Behalve patiënten nam het gasthuis ook proveniers op alhoewel de stichters dat expliciet verboden hadden. Proveniers waren namelijk zelden zieke, behoeftige vrouwen; het waren gasten die zich tegen een bepaald bedrag inkochten en zich zo verzekerden van een verzorgde oude dag. Ze woonden in apart staande huisjes binnen het terrein, ten oosten van de latere regentenkamer. De eerste provenier werd genoemd in 1471.
De door de proveniers betaalde gelden betekenden een extra bron van inkomsten voor het gasthuis, mits ze niet te lang leefden. In de 17e eeuw kon de inkoopsom voor een provenier wel fl. 1000,00 bedragen.
Met het toestaan van proveniers kwamen er mannen binnen het gebied van het vrouwengasthuis en veranderde het karakter van de instelling.
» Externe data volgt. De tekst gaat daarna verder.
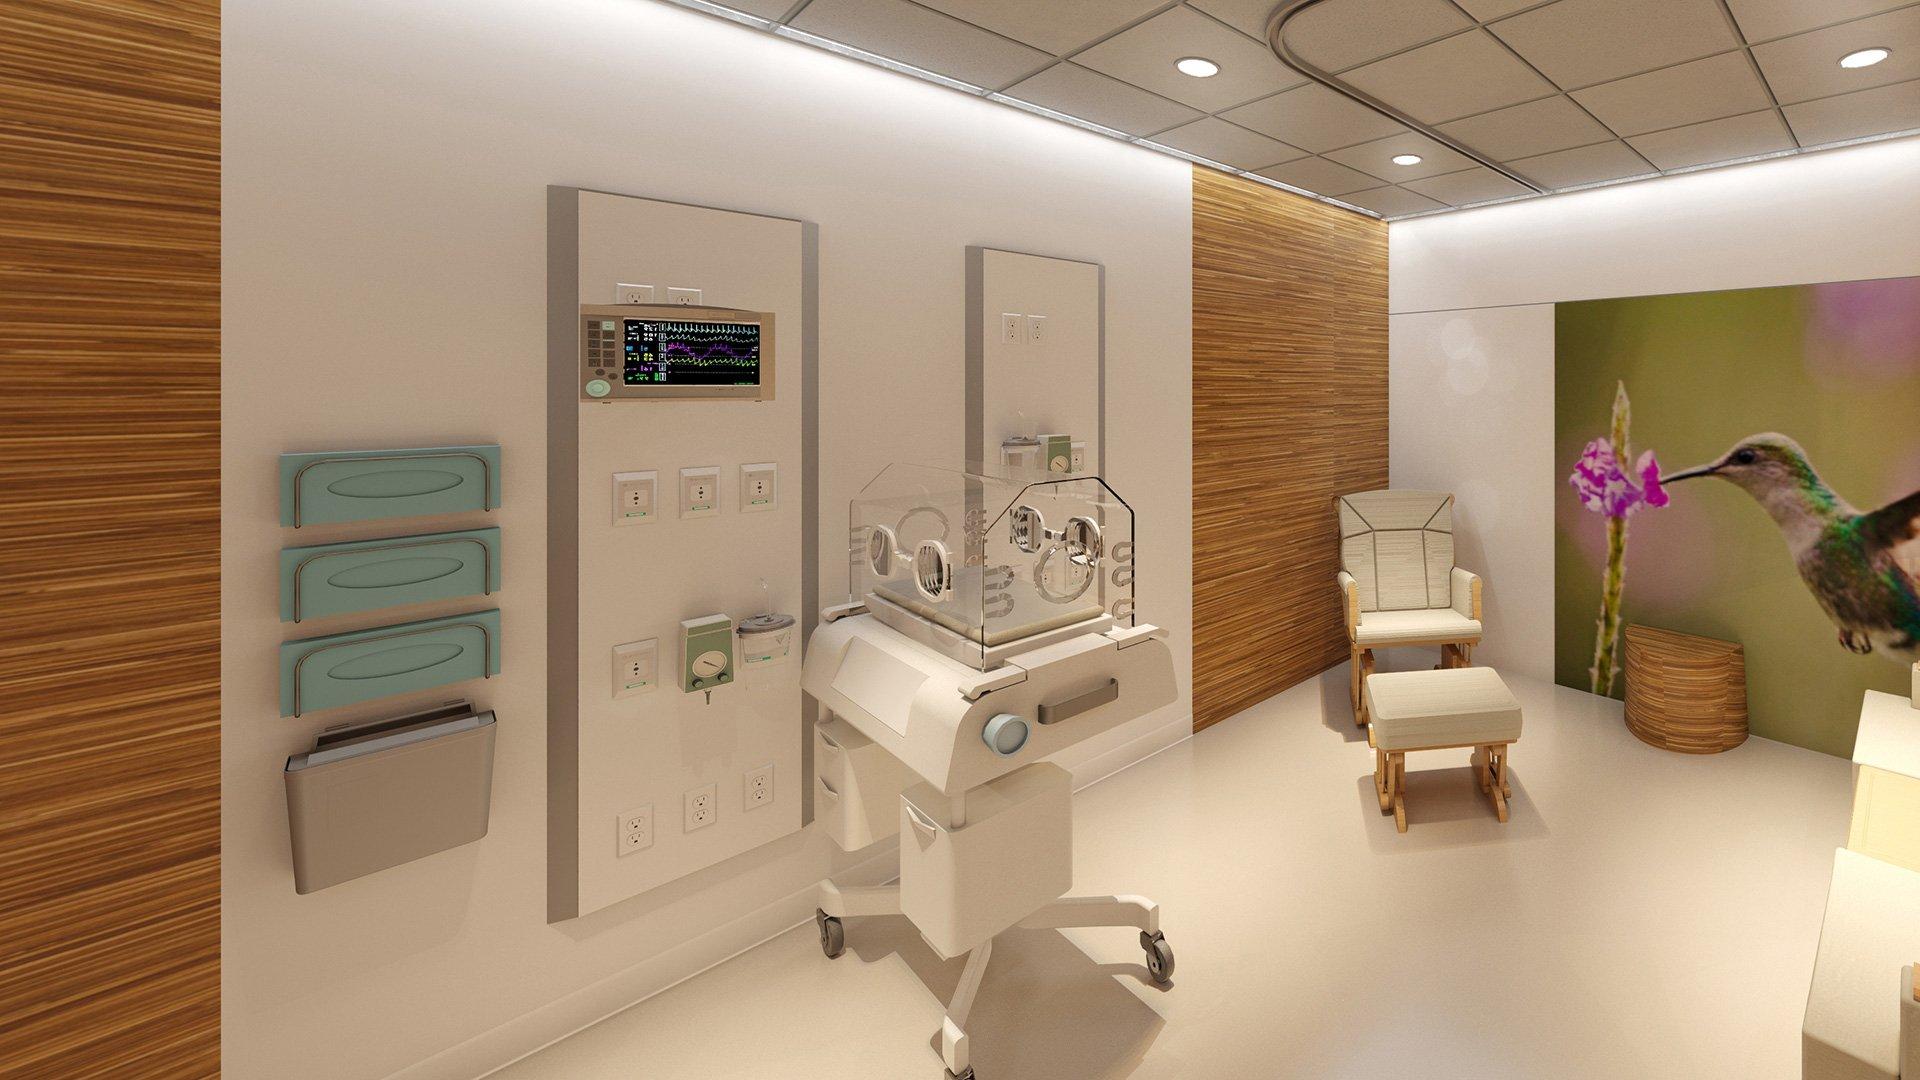 Bon Secours St. Francis Eastside Neonatal Care Unit, Rendering

In 1736 besloten de regenten een vervallen zaal van voormalige Sint Ursulaconvent af te breken en daar nog een zestal proveniershuisjes te laten bouwen, de zgn. 'Hof van Zessen'.
In 1738 kwamen er nog 10 bij, langs de Lijsbethsteeg. Het gasthuis kreeg nu zijn tegenwoordige vorm met 2 binnentuinen. Op een kaart uit 1783 is de omvang van het complex te zien.
Met de toename van het aantal proveniers verschoof het accent van het gasthuis van ziekenverzorging naar bejaardenzorg.
In de loop van de 18e eeuw ging het bergafwaarts met het gasthuis. De inkomsten slonken, de gebouwen raakten meer en meer vervallen, het aantal patiënten liep terug.
Uiteindelijk werd het gasthuis in 1773 opgeheven.
Het uitgebreide complex kreeg vervolgens de meest uiteenlopende bestemmingen.
In de zestiger jaren stond het monumentale complex er slecht voor. In de beste proveniershuisjes woonden eerst bejaarden en later een handvol kunstenaars. De gotische kloostergang stortte in, evenals enkele gebouwen.

In 1970 werd het complex gerestaureerd door Hugo van Oerle (1905-1994), een bekende architect in de stad Leiden. Hij werkte onder andere aan de Petruskerk en het oude Academische Ziekenhuis (nu LUMC).
Bij de restauratie werden tal van oude bouwfragmenten gebruikt die fraaie reconstructies mogelijk maakten. Helaas werden verdwenen gedeelten ingevuld en noodzakelijke aanbouwen uitgevoerd op een wijze die voor die tijd als modern gold, maar als resultaat had dat een complex ontstond met tal van schilderachtige hoekjes, maar waarvan de historische waarde verloren is gegaan.

Het gerestaureerde gasthuis werd in gebruik genomen als huisvesting voor chronisch zieken.

De kapel van het gasthuis (op de hoek van de Lijsbethsteeg en de Kamp) dateert waarschijnlijk uit de tweede helft van de 15e eeuw, aangezien de bisschop van 'Uterecht' in 1502 toestemming gaf voor de verhuizing van het altaar binnen het complex. In de kapel van het Gasthuis werden bedden aangebracht zodat de zieken vanuit hun bed de mis bij konden wonen.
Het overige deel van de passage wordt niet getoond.